» **REQUIRED WORK**
For the material below, the expected output is exactly the lines between the line holding "Kenzo \N Turquoise Linen scarf for Women \N" and the line holding "I AM GIA Dominique Pinstripe Pants", inclusive, with pictures left out.

» **STORED DATA**
* * *

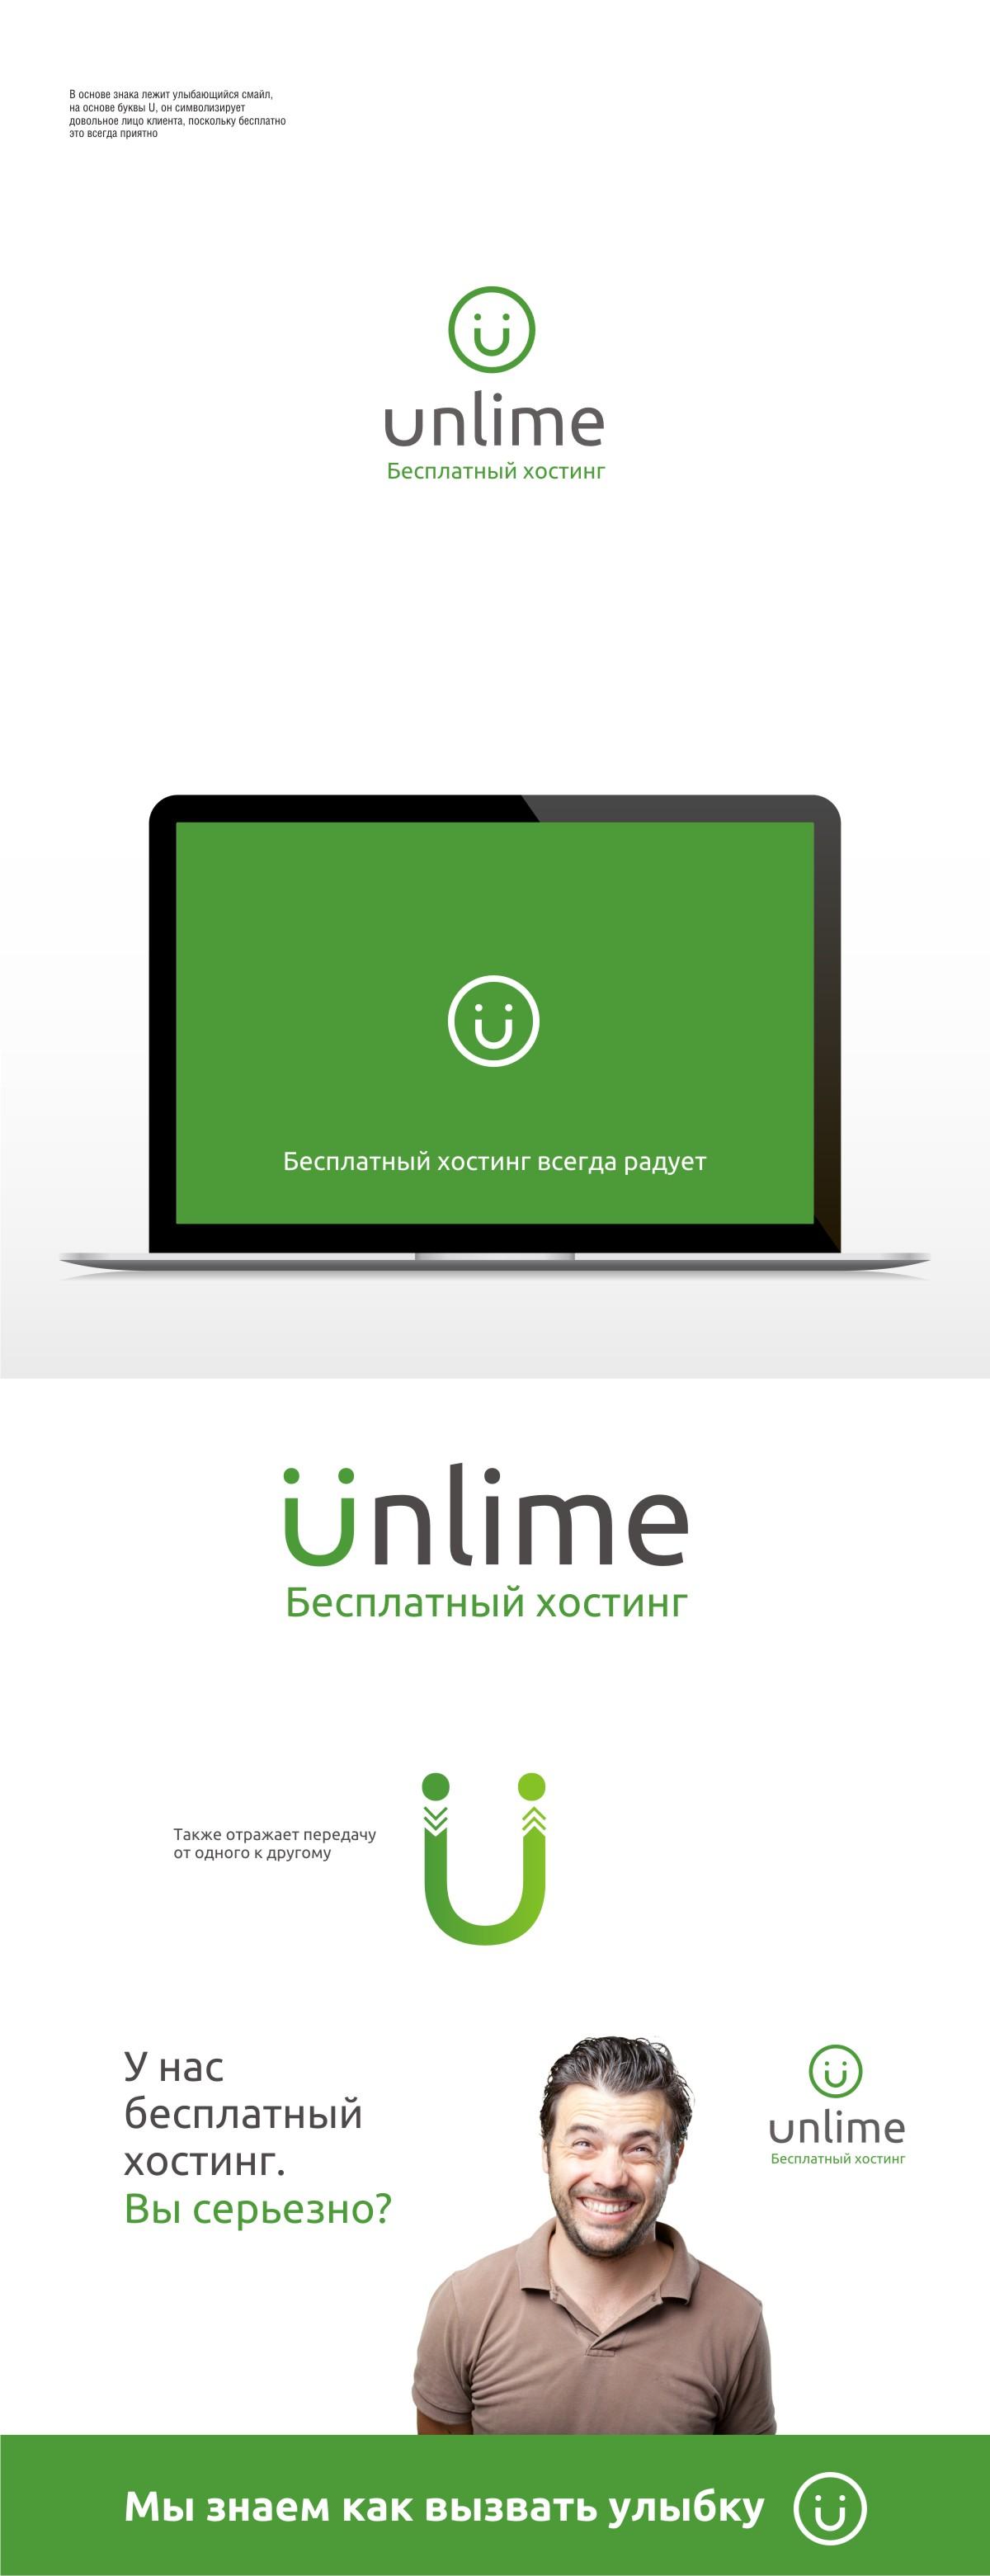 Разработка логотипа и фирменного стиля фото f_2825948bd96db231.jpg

* * *

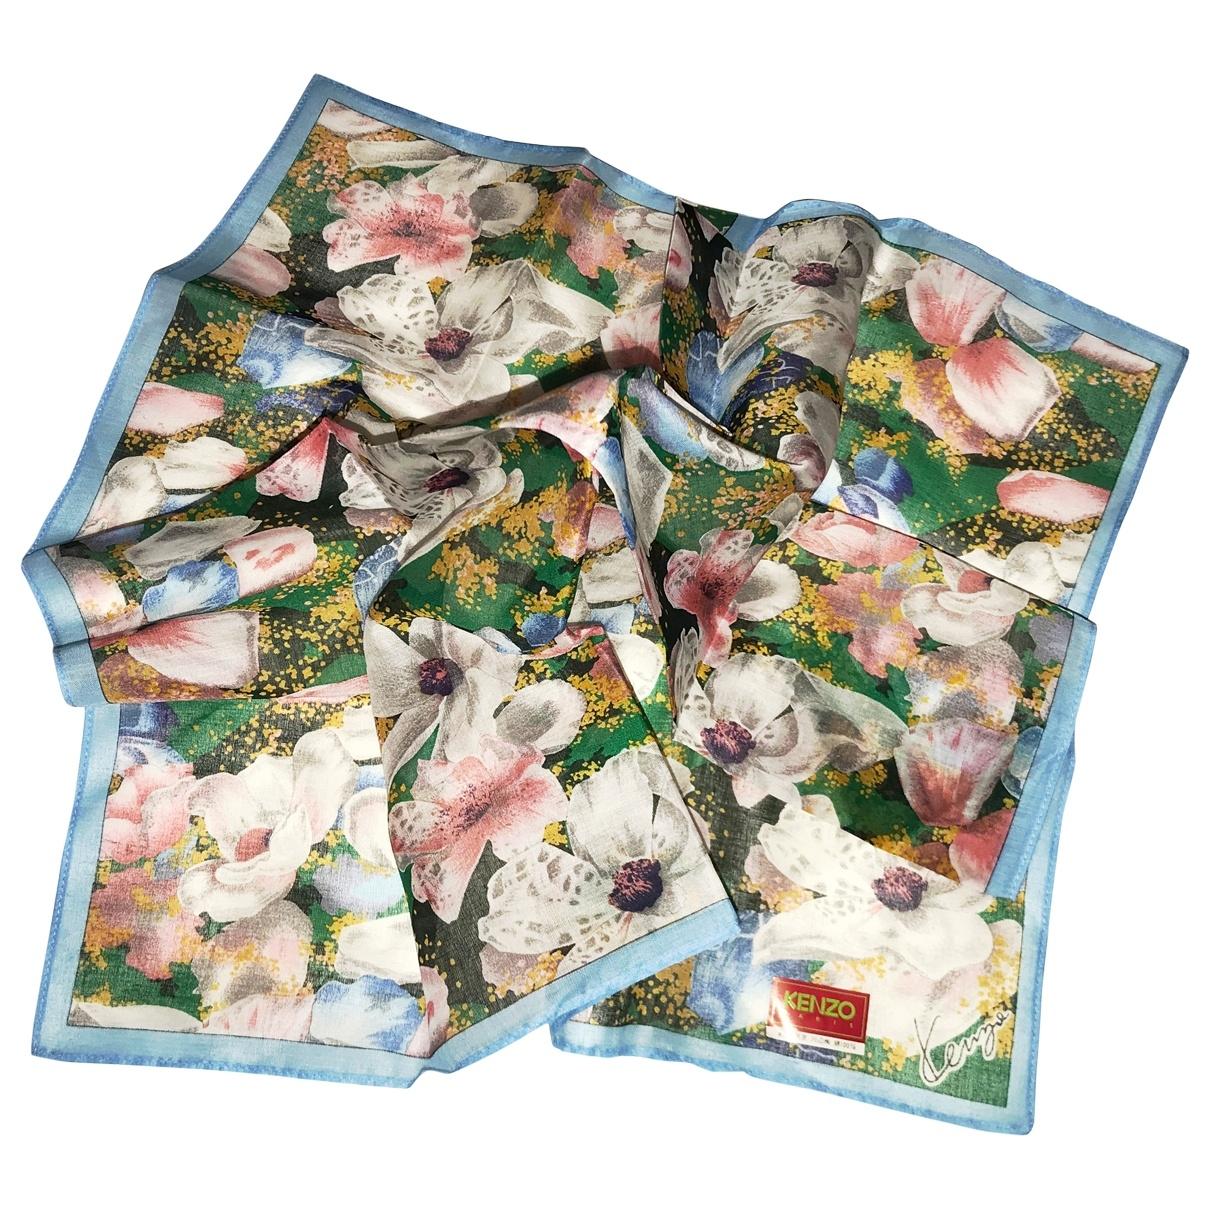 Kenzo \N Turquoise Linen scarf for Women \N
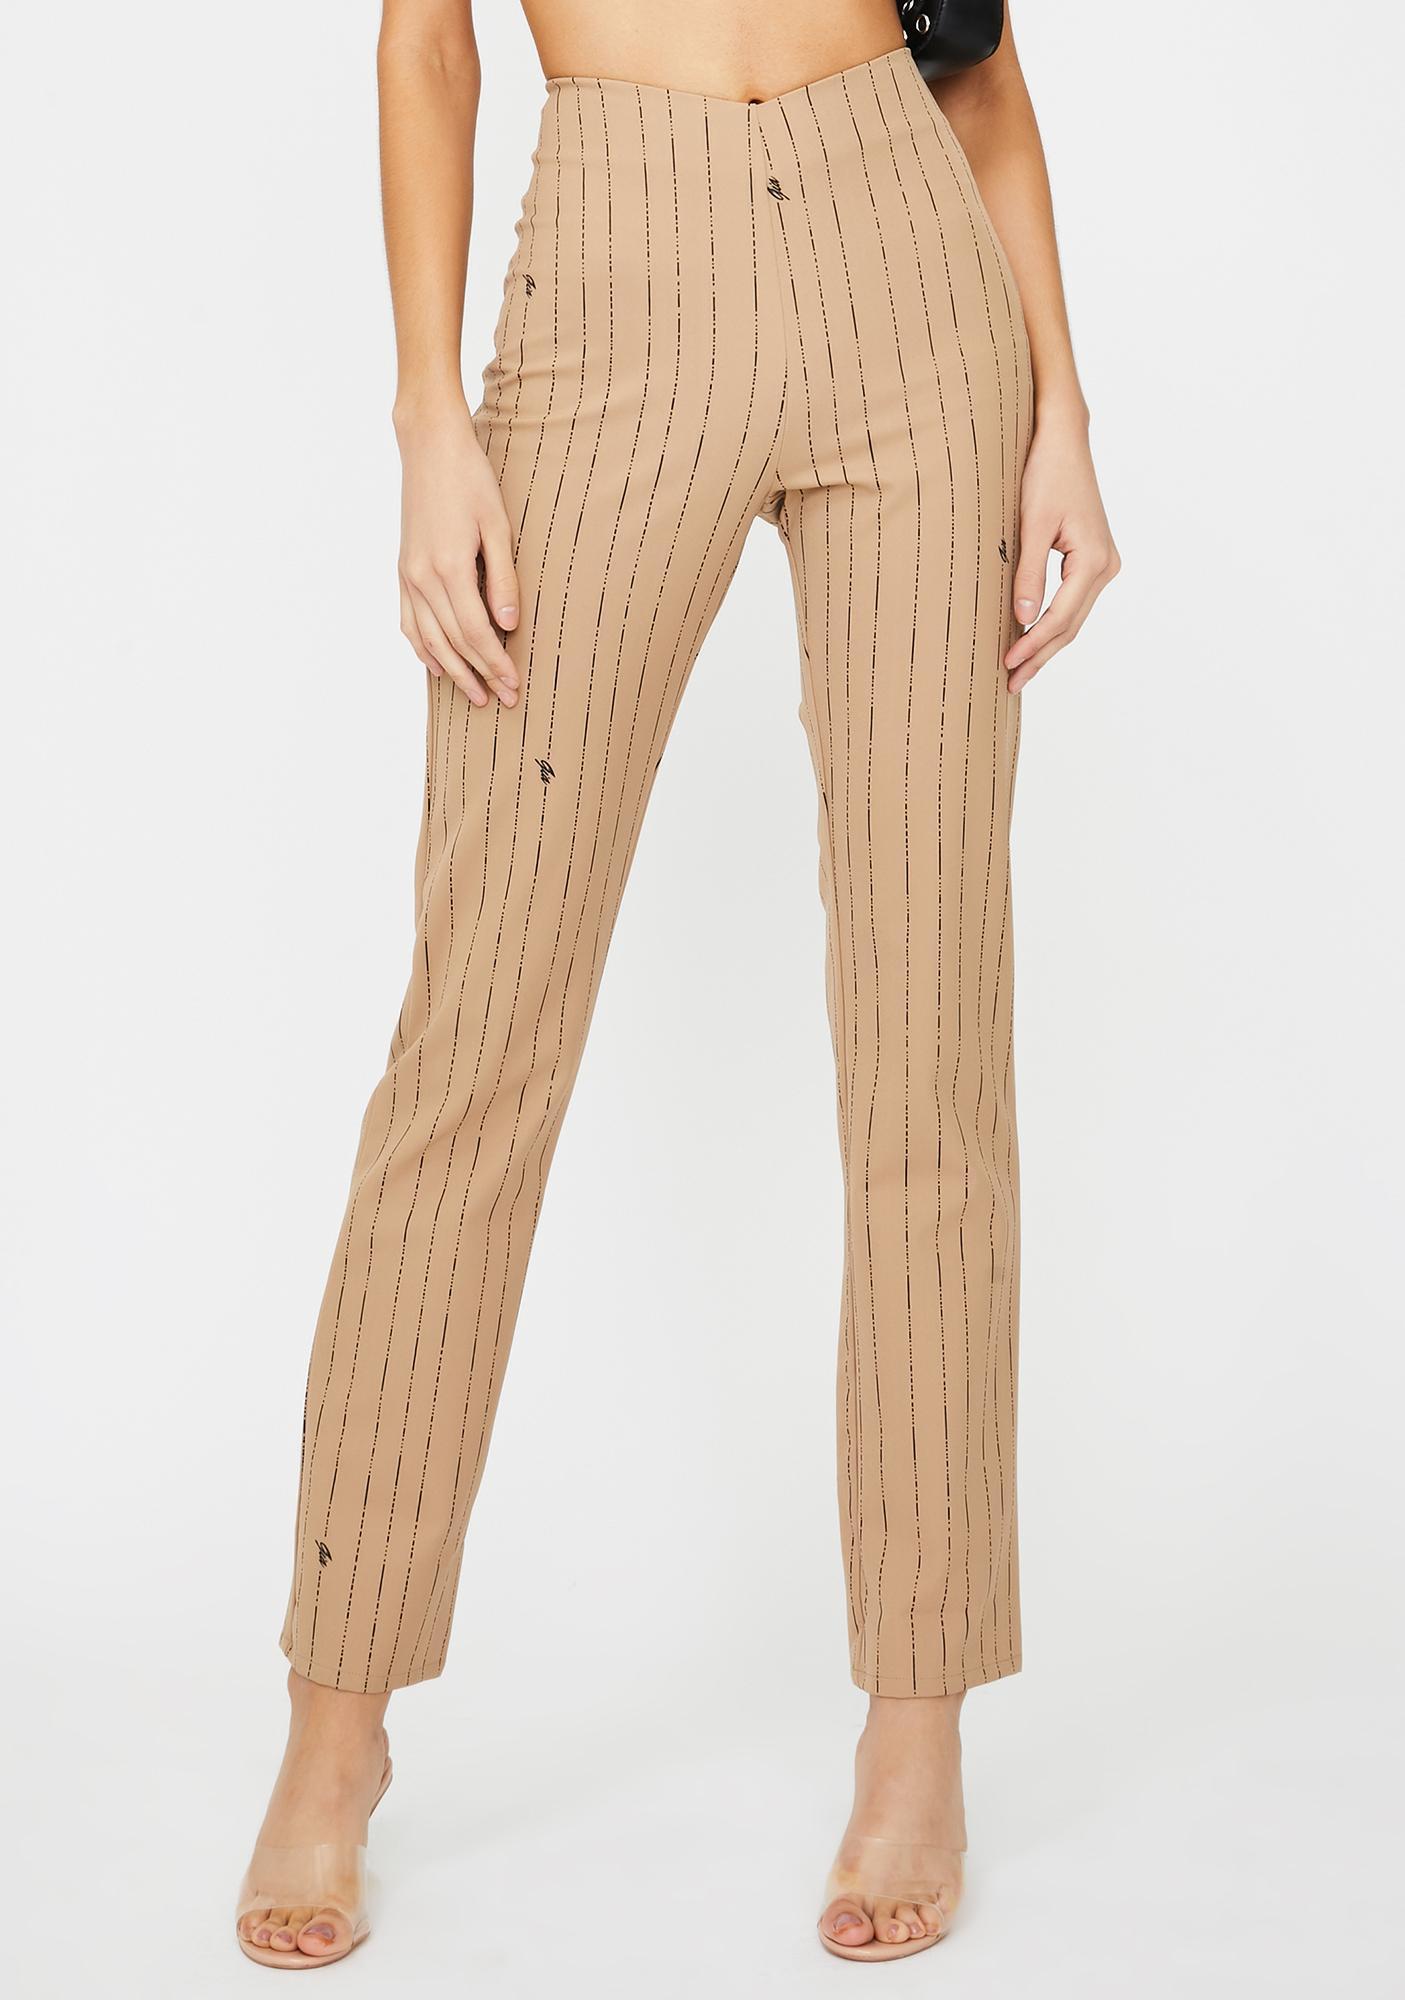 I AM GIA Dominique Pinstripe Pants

* * *

» **ANSWER SPACE**
 Kenzo \N Turquoise Linen scarf for Women \N
 I AM GIA Dominique Pinstripe Pants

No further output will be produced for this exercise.